If you listened hard during the first work on the program at Friday evening's St. Paul Chamber Orchestra concert, you could hear the American national anthem playing.

Not, however, as we normally hear it: New York composer Jessie Montgomery, in a piece she calls "Banner," takes the spangled stars and slices up the bars, intercutting them with snatches of civil rights-era songs and tunes from Puerto Rico, Mexico and Cuba.

It isn't quite the searing deconstruction of the anthem that Jimi Hendrix improvised on his electric guitar at the Woodstock festival nearly half a century ago. But it comes close to being classical music's equivalent.

"Banner" got a crisp, zippy interpretation from the SPCO players, led from violin by Montgomery herself, striking in a black ballgown, blue leggings and silver ankle boots.

"Banner" is a timely composition, rescrutinizing what the American anthem means and doesn't mean, at a fractious period in the nation's history. It was a clever, provocative way of starting the new SPCO season.

Beethoven's genial Triple Concerto, by contrast, isn't the least bit controversial — except, perhaps, in its offbeat choice of violin, cello and piano as the solo instruments, a throwback to the multi-instrument concerto common in the Baroque period.

The SPCO's performance — unconducted, like the rest of the program — had a courtly elegance about it, inviting relaxation and a savoring of the music's playful, lyrical meanderings.

Two of the SPCO's own players, violinist Ruggero Allifranchini and cellist Julie Albers, took solo parts. The third was filled by young American pianist Orion Weiss, who sat center stage facing the orchestra and had the lid of his Steinway removed to make eye contact easier.

Unfortunately, it made listening to what Weiss was actually playing harder: With no reflecting board to focus the sound, the notes often evaporated toward the ceiling, leaving details of accent and articulation to be guessed at.

Allifranchini and Albers fared better, Allifranchini in particular impressing with the tensile sweetness of his violin playing and his alertness to the numerous instances of humor and mischief-making in Beethoven's concertante writing.
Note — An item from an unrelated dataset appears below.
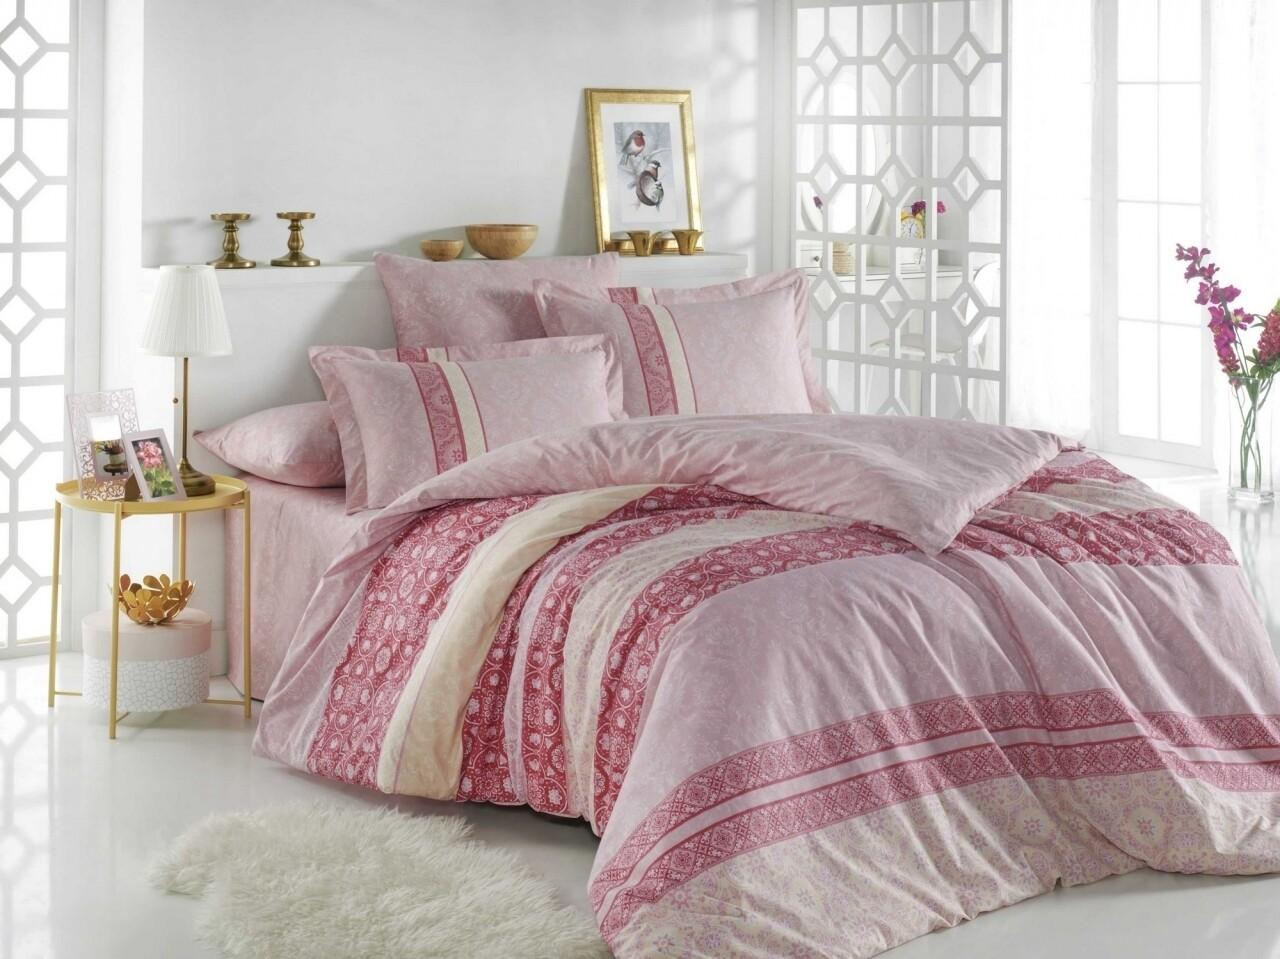 Lenjerie de pat pentru o persoana, 3 piese, 100% bumbac poplin, Hobby, Emma, roz

Undoubtedly the highlight of the evening, however, was a rare opportunity to hear the Variaciones Concertantes of the 20th-century Argentine composer Alberto Ginastera.

The work is a set of variations on an original theme, each iteration putting a particular instrument or group of instruments in the solo spotlight.
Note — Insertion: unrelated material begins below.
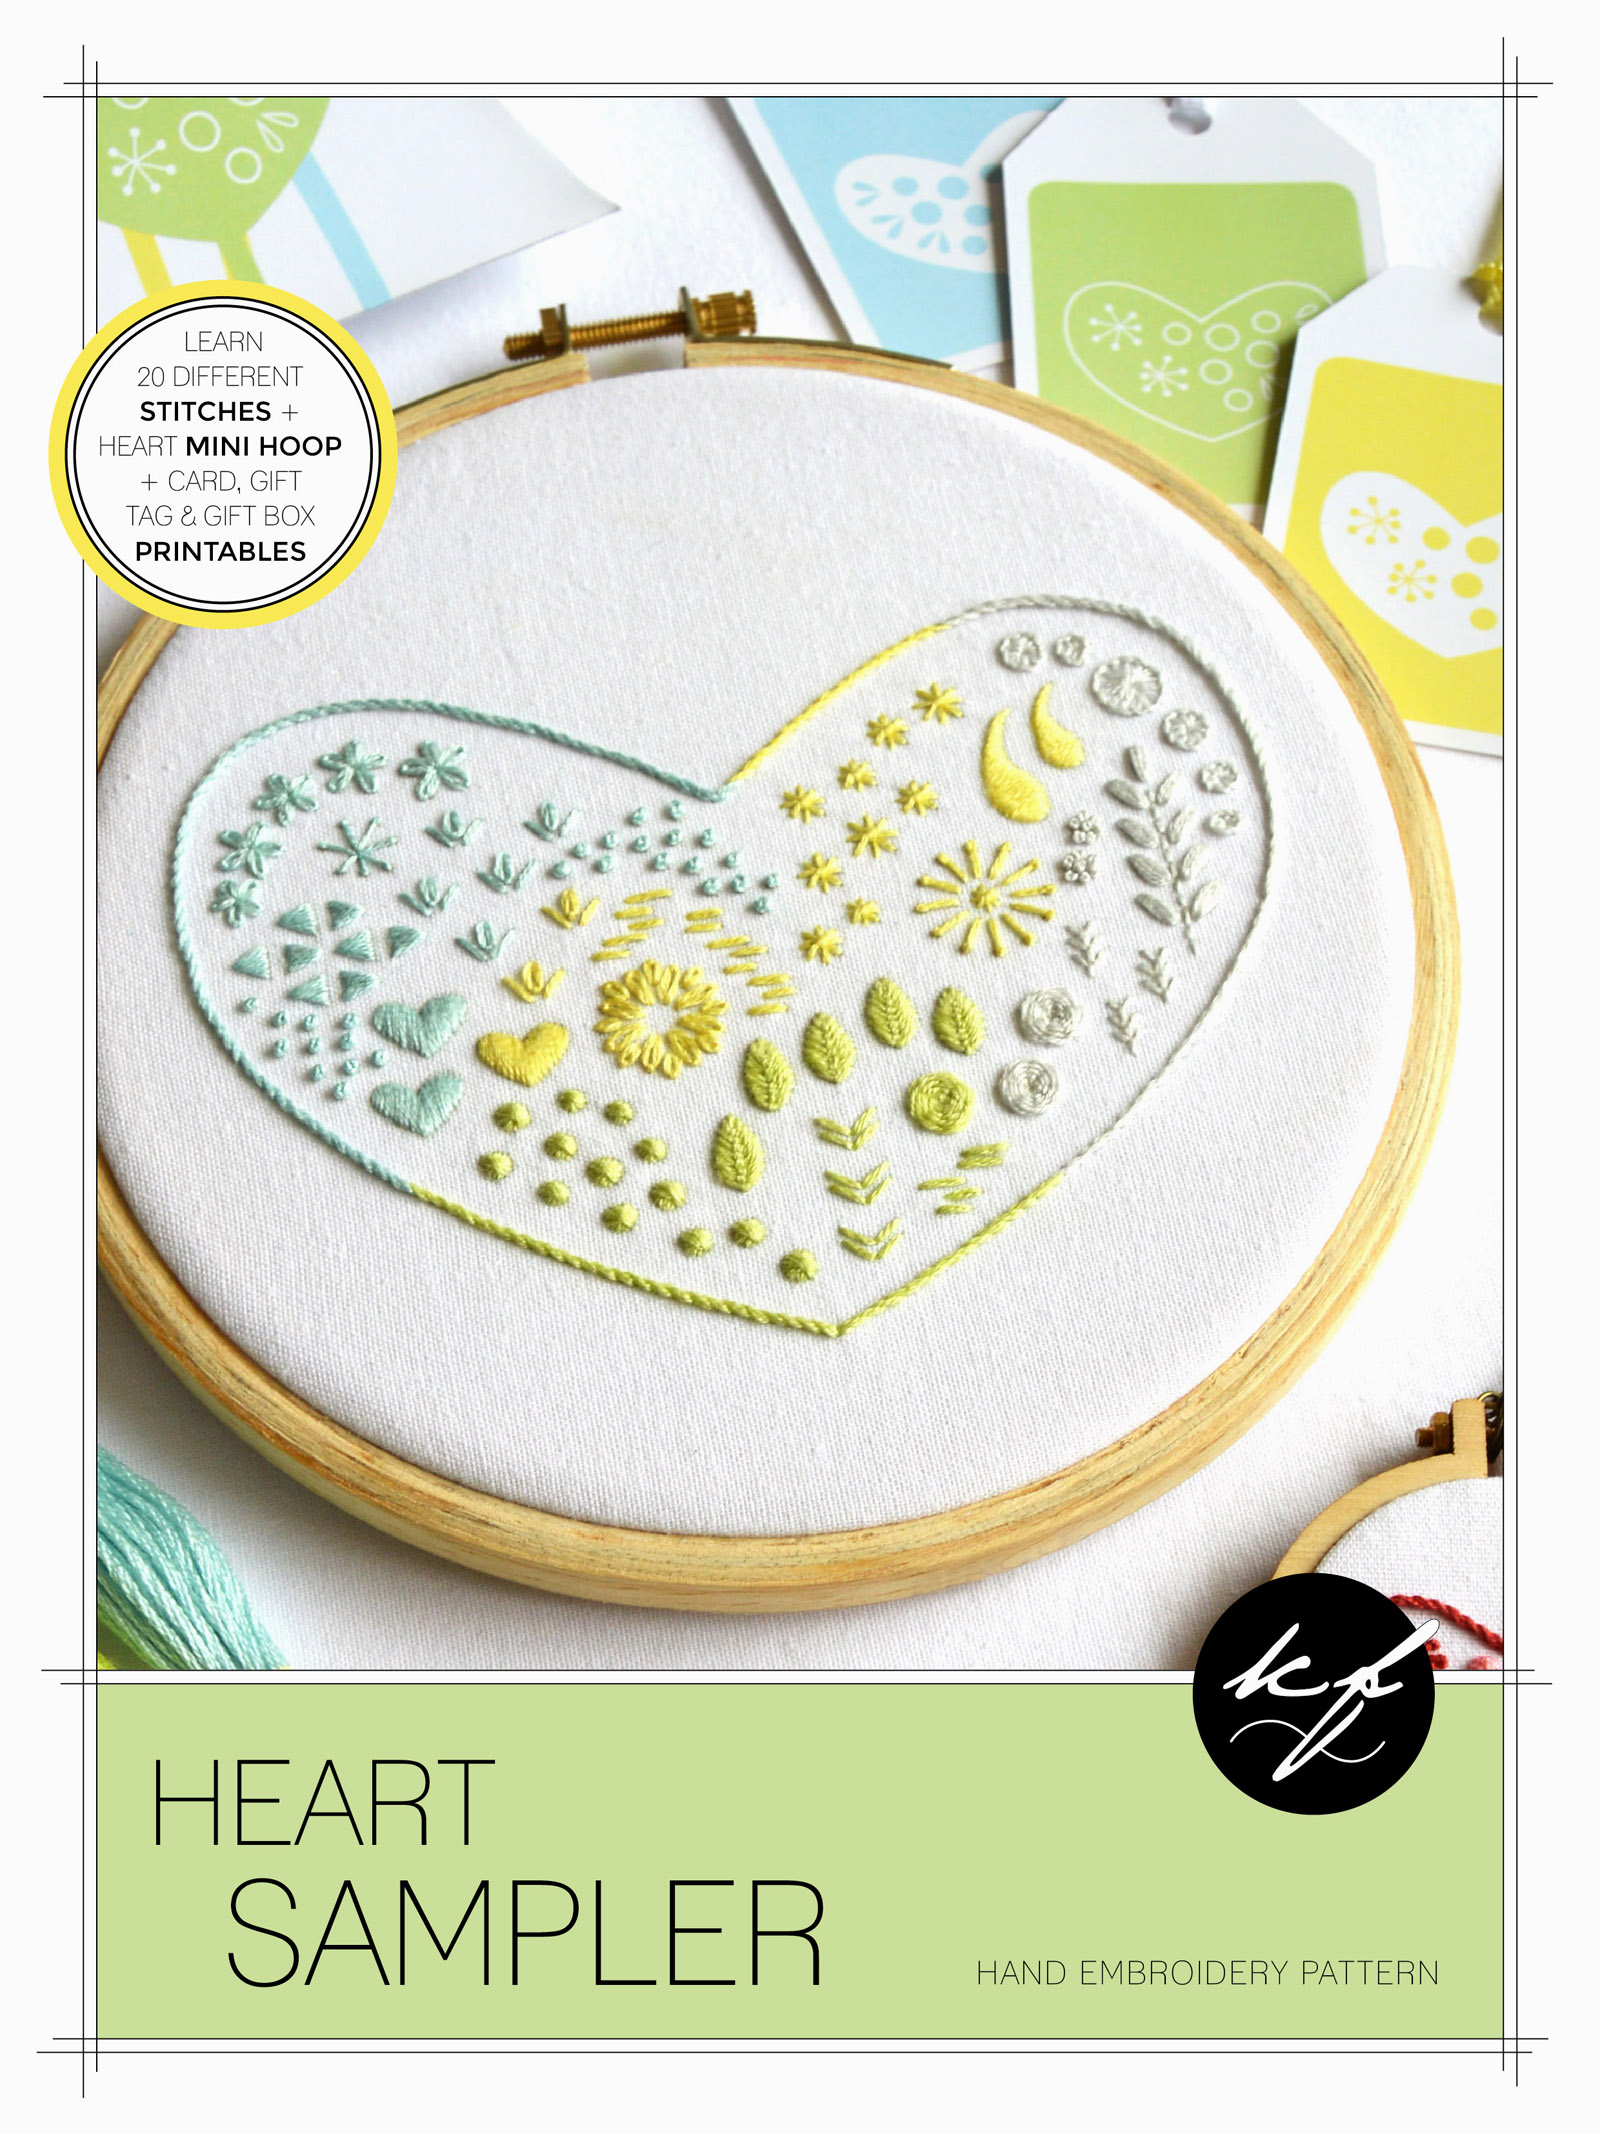 HeartSamplerEmbroideryPattern_KellyFletcher.jpg

As such, it was a perfect advertisement for the elevated levels of artistry and sophistication the SPCO can call on from its current crop of players.

The introduction, exquisitely shaped by cellist Albers and harpist Victoria Drake, particularly caught the attention, as did the remarkably introspective playing of Zachary Cohen in the double-bass solo at the work's conclusion.

The SPCO's darkly probing interpretation suggested that the Variaciones is a work of major stature and one that we should hear more often. It whetted the appetite for further fresh discoveries in the orchestra's 2017-18 season.

Terry Blain writes about classical music and theater.